TASK DETAILS: Every line from the one containing "and pulses. 🫛" through the end of the listing below goes in the output, exactly and without pictures.

GIVEN DATA:

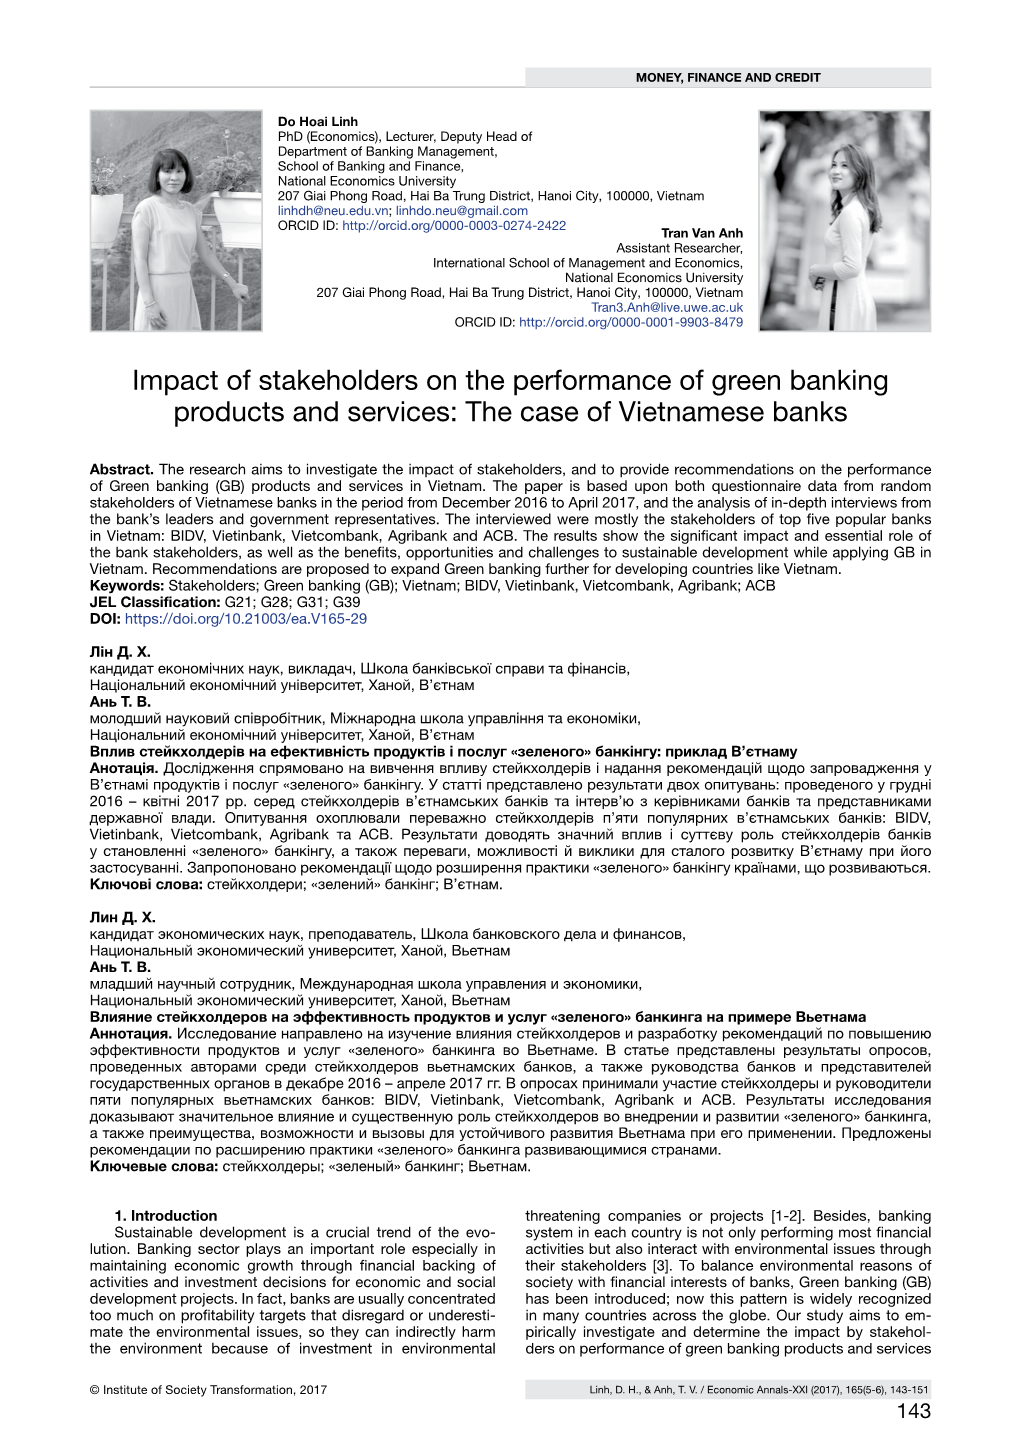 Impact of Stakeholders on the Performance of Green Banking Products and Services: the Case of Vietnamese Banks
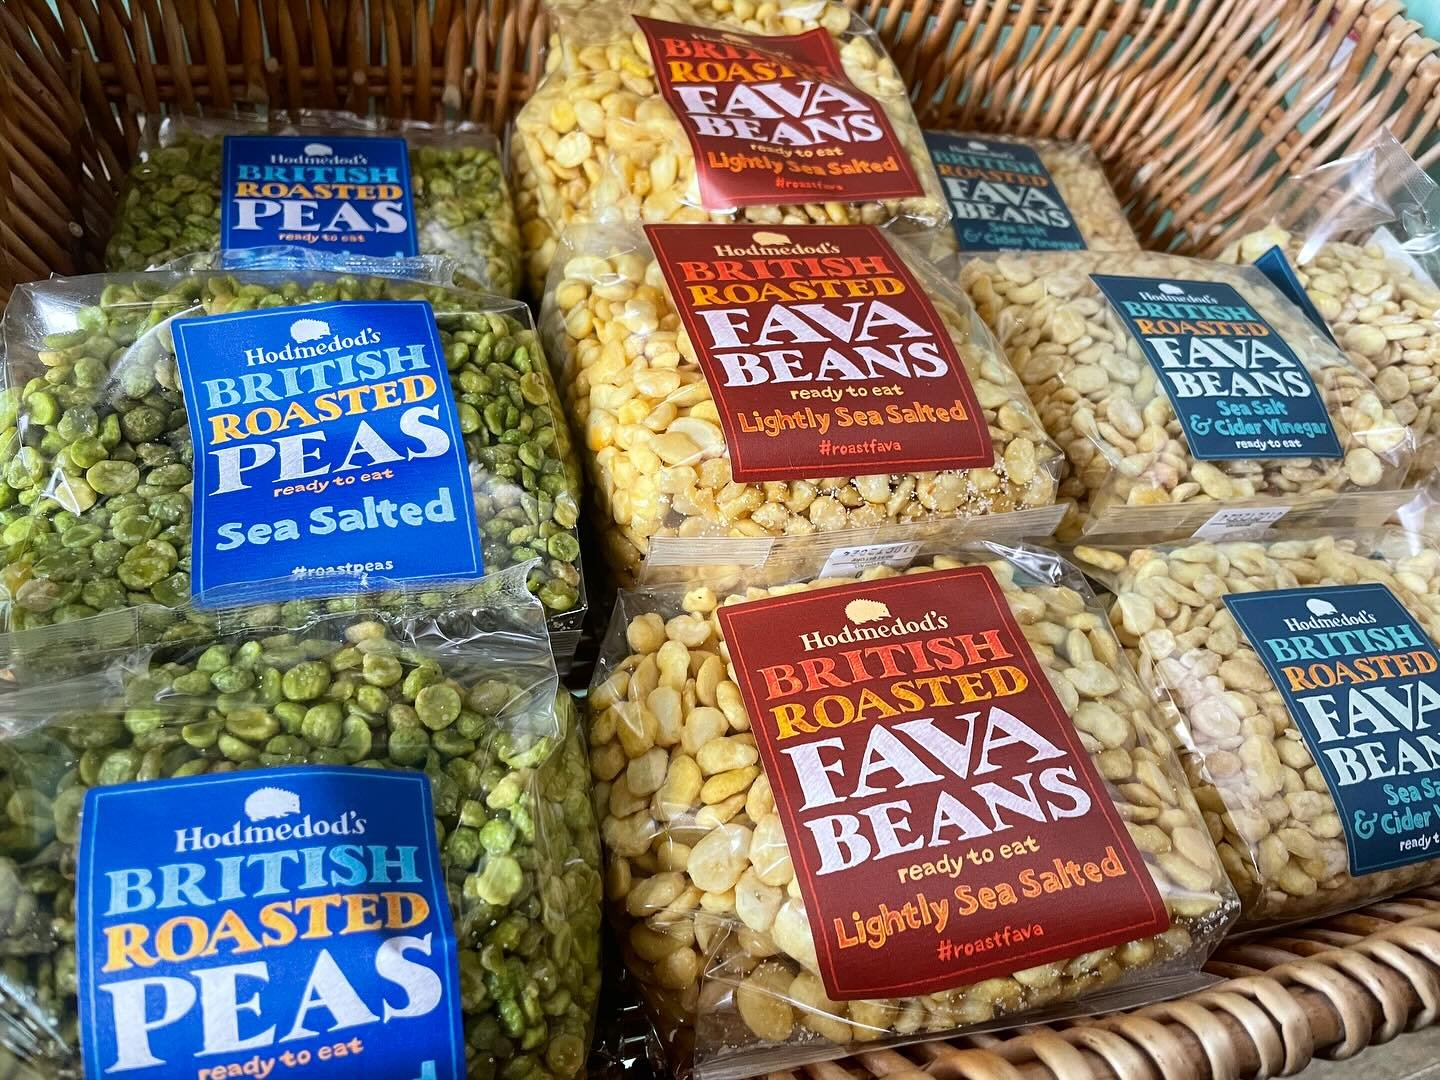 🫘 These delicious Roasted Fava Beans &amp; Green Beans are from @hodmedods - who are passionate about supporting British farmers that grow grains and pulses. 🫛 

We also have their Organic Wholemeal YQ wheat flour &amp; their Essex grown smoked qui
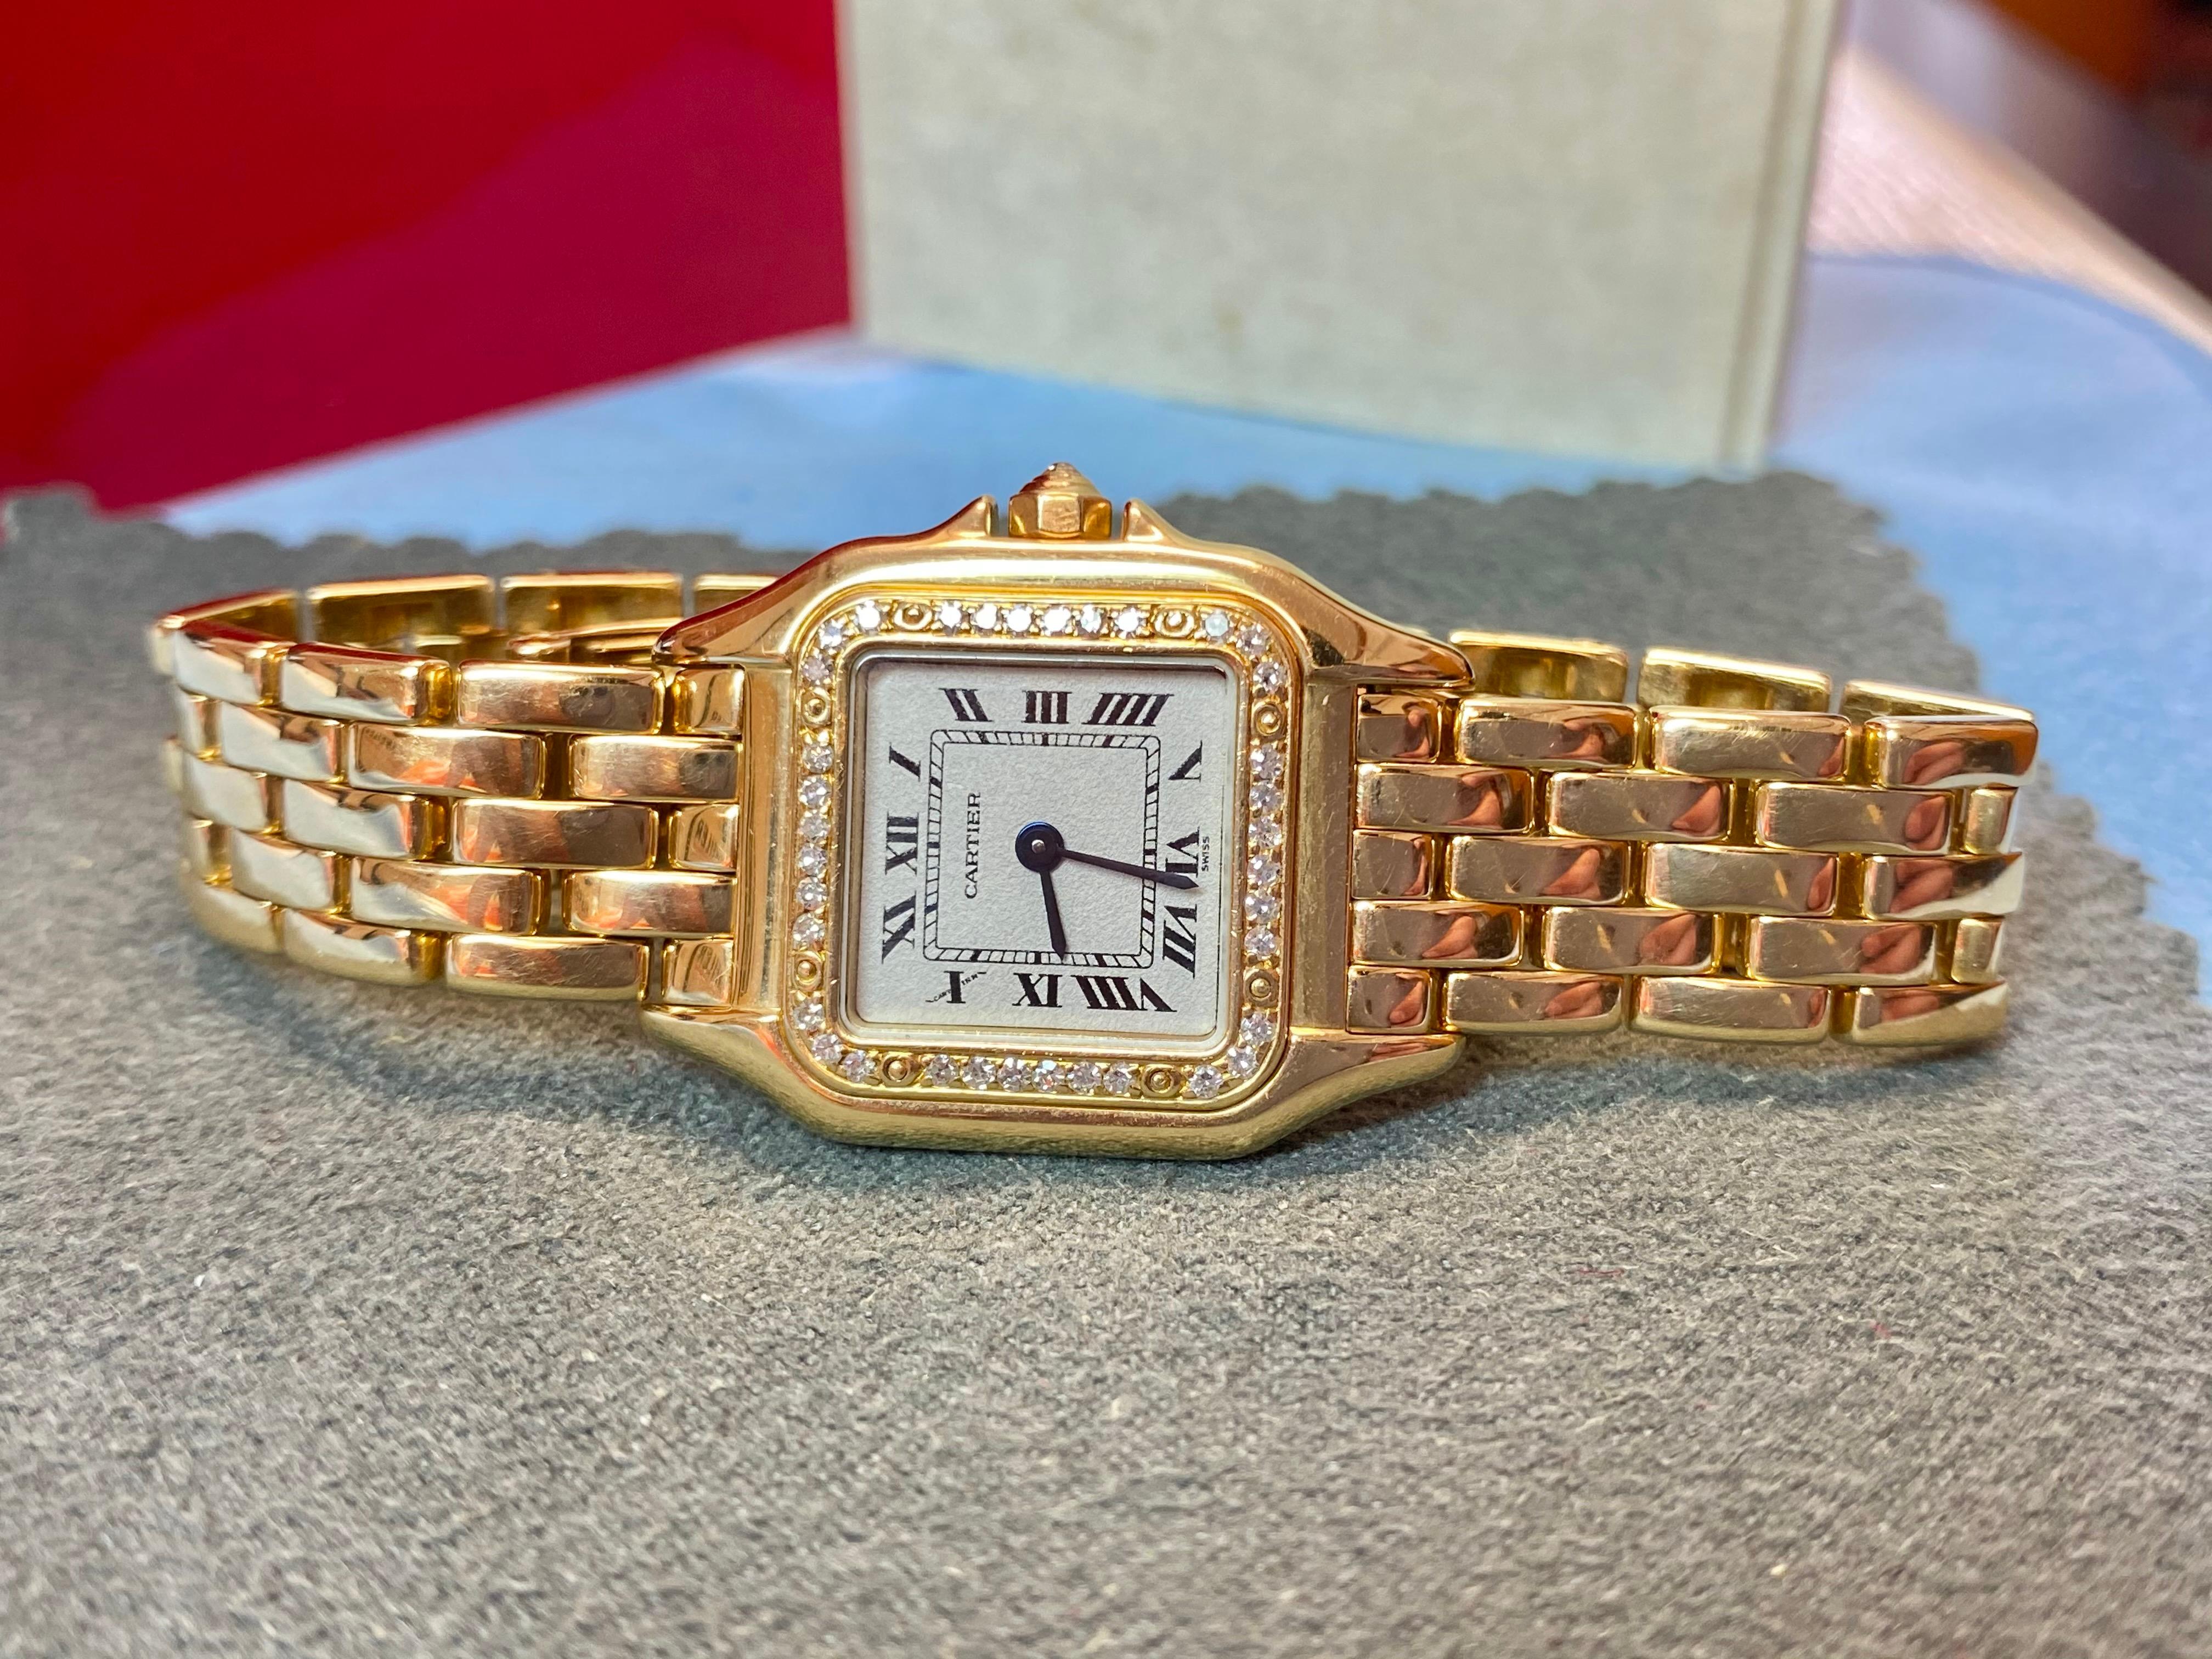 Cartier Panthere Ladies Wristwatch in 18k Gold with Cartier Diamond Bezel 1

SOLVED PROBLEM:
 🫘 These delicious Roasted Fava Beans &amp; Green Beans are from @hodmedods - who are passionate about supporting British farmers that grow grains and pulses. 🫛 

We also have their Organic Wholemeal YQ wheat flour &amp; their Essex grown smoked qui
 Cartier Panthere Ladies Wristwatch in 18k Gold with Cartier Diamond Bezel 1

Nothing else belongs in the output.